The end of the road for Data General

EMC's bid for Data General will almost inevitably mean the end of another pioneering name in the IT industry. DG was founded in 1968 by Edson de Castro. He originally worked with Ken Olsen at DEC but fell out with the DEC founder over the architecture of that company's next machine.

Olsen wanted to keep extending the 12-bit PDP-8 architecture. De Castro wanted to move to a 16-bit design based on two 8-bit bytes. He left DEC in a huff when Olsen knocked back the design.

Starting Data General in 1968, de Castro had his 16-bit machine -- the Nova -- on the market the following year. The Nova started DG on a roll. Digital responded with the 16-bit PDP-11, but by then DG was well established. One of the early fans of the Nova was Steve Wozniak. He went on to design the first Apple computer and co-founded Apple with Steve Jobs.

The rivalry between DEC and DG was legendary, with the latter frequently taking swipes at its bigger competitor in cheeky advertising campaigns.

In the late 1970s, it was Digital's turn to steal a march over DG with the launch of the 32-bit VAX. DG responded with the MV series a couple of years later. The story of the design and development of the MV -- code-named Eagle -- was popularised in a book by Tracy Kidder, "The soul of a new machine". It painted a picture of nerdy computer designers lounging around in their jeans, t-shirts and running shoes.
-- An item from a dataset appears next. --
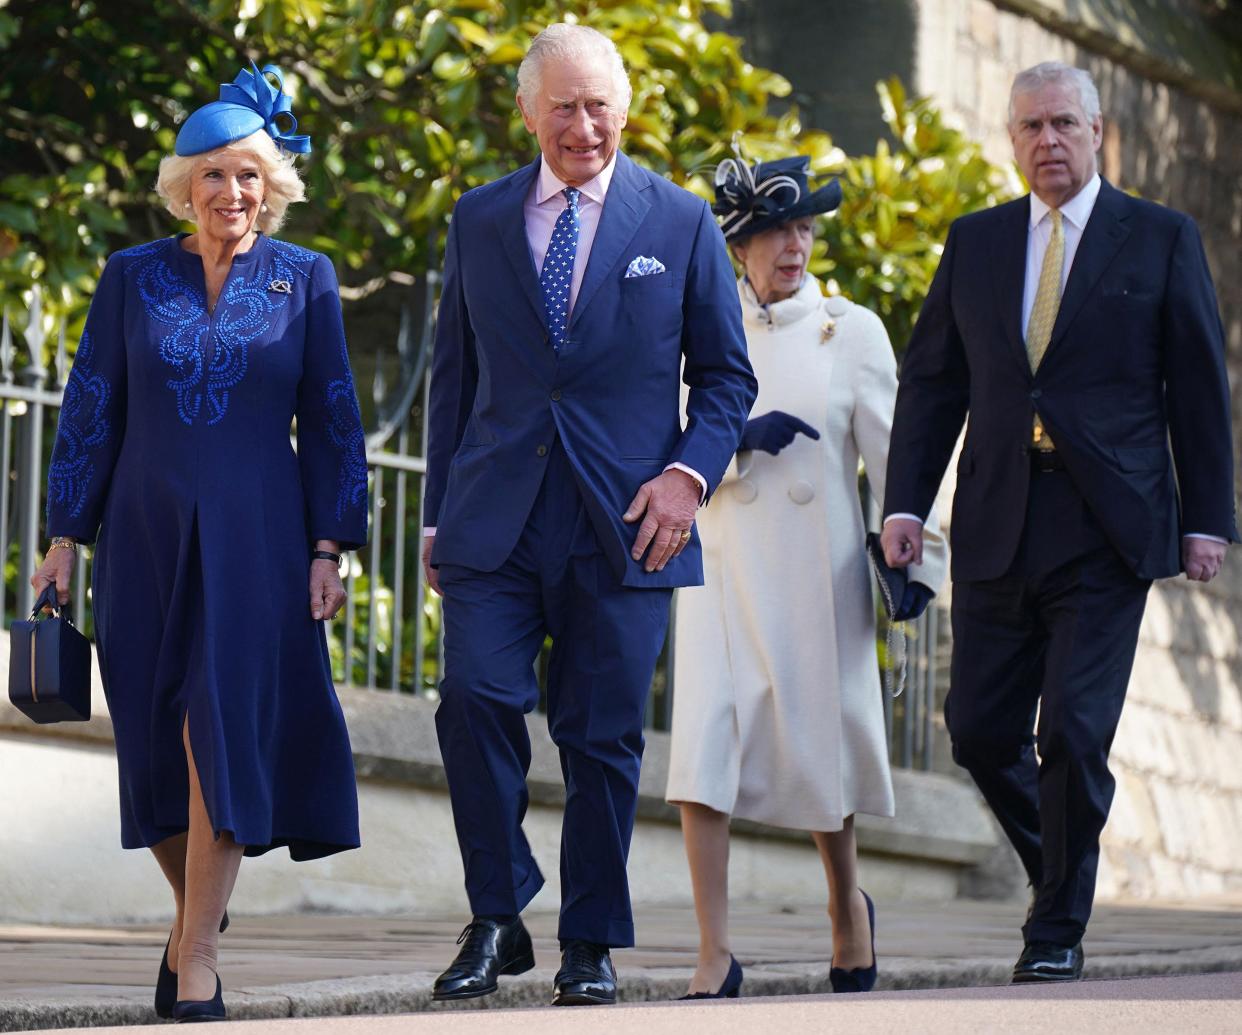 Britain's King Charles III and Camilla, queen consort, walk with Princess Anne and Prince Andrew, duke of York as they arrive for the Easter service at St. George's Chapel, Windsor Castle on April 9.

But by then the writing was on the wall for the end of proprietary architectures and operating systems. Another 16-bit machine -- the personal computer -- started to sweep across the IT industry.

Like Digital, DG launched a range of 'me-too' PCs. The latter moved into open systems with its AViiON range of servers. DG eventually moved to Intel-based systems for the AViiON range, originally based on Motorola's 88open architecture.

The company pioneered the concept of RAID storage systems with the CLARiiON series of storage systems. It based those first systems on the academic paper that propounded the RAID concept. DG's RAID systems worked and worked well. Its AViiON servers were price-competitive, but DG never attained the critical mass necessary for it to survive on its own. Many of its competitors from the 1970s and 1980s -- Prime in the minicomputer market and ICL, Honeywell and Burroughs in the small commercial system business -- disappeared or were taken over.

Then last year, Compaq bought out DG's old rival -- Digital. This year another of its rivals from two decades ago -- Wang -- also disappeared.

With revenues flat at around $US1.5 billion annually, and struggling to return to profitability, DG has looked like a takeover prospect for the past couple of years. Talks had been going on for some time between DG and EMC. The acquisition for $US1.1 billion will give EMC an extended line of storage systems and put it into the hot market for open system and NT servers. By my reckoning there's just one competitor around from DG's startup days -- IBM.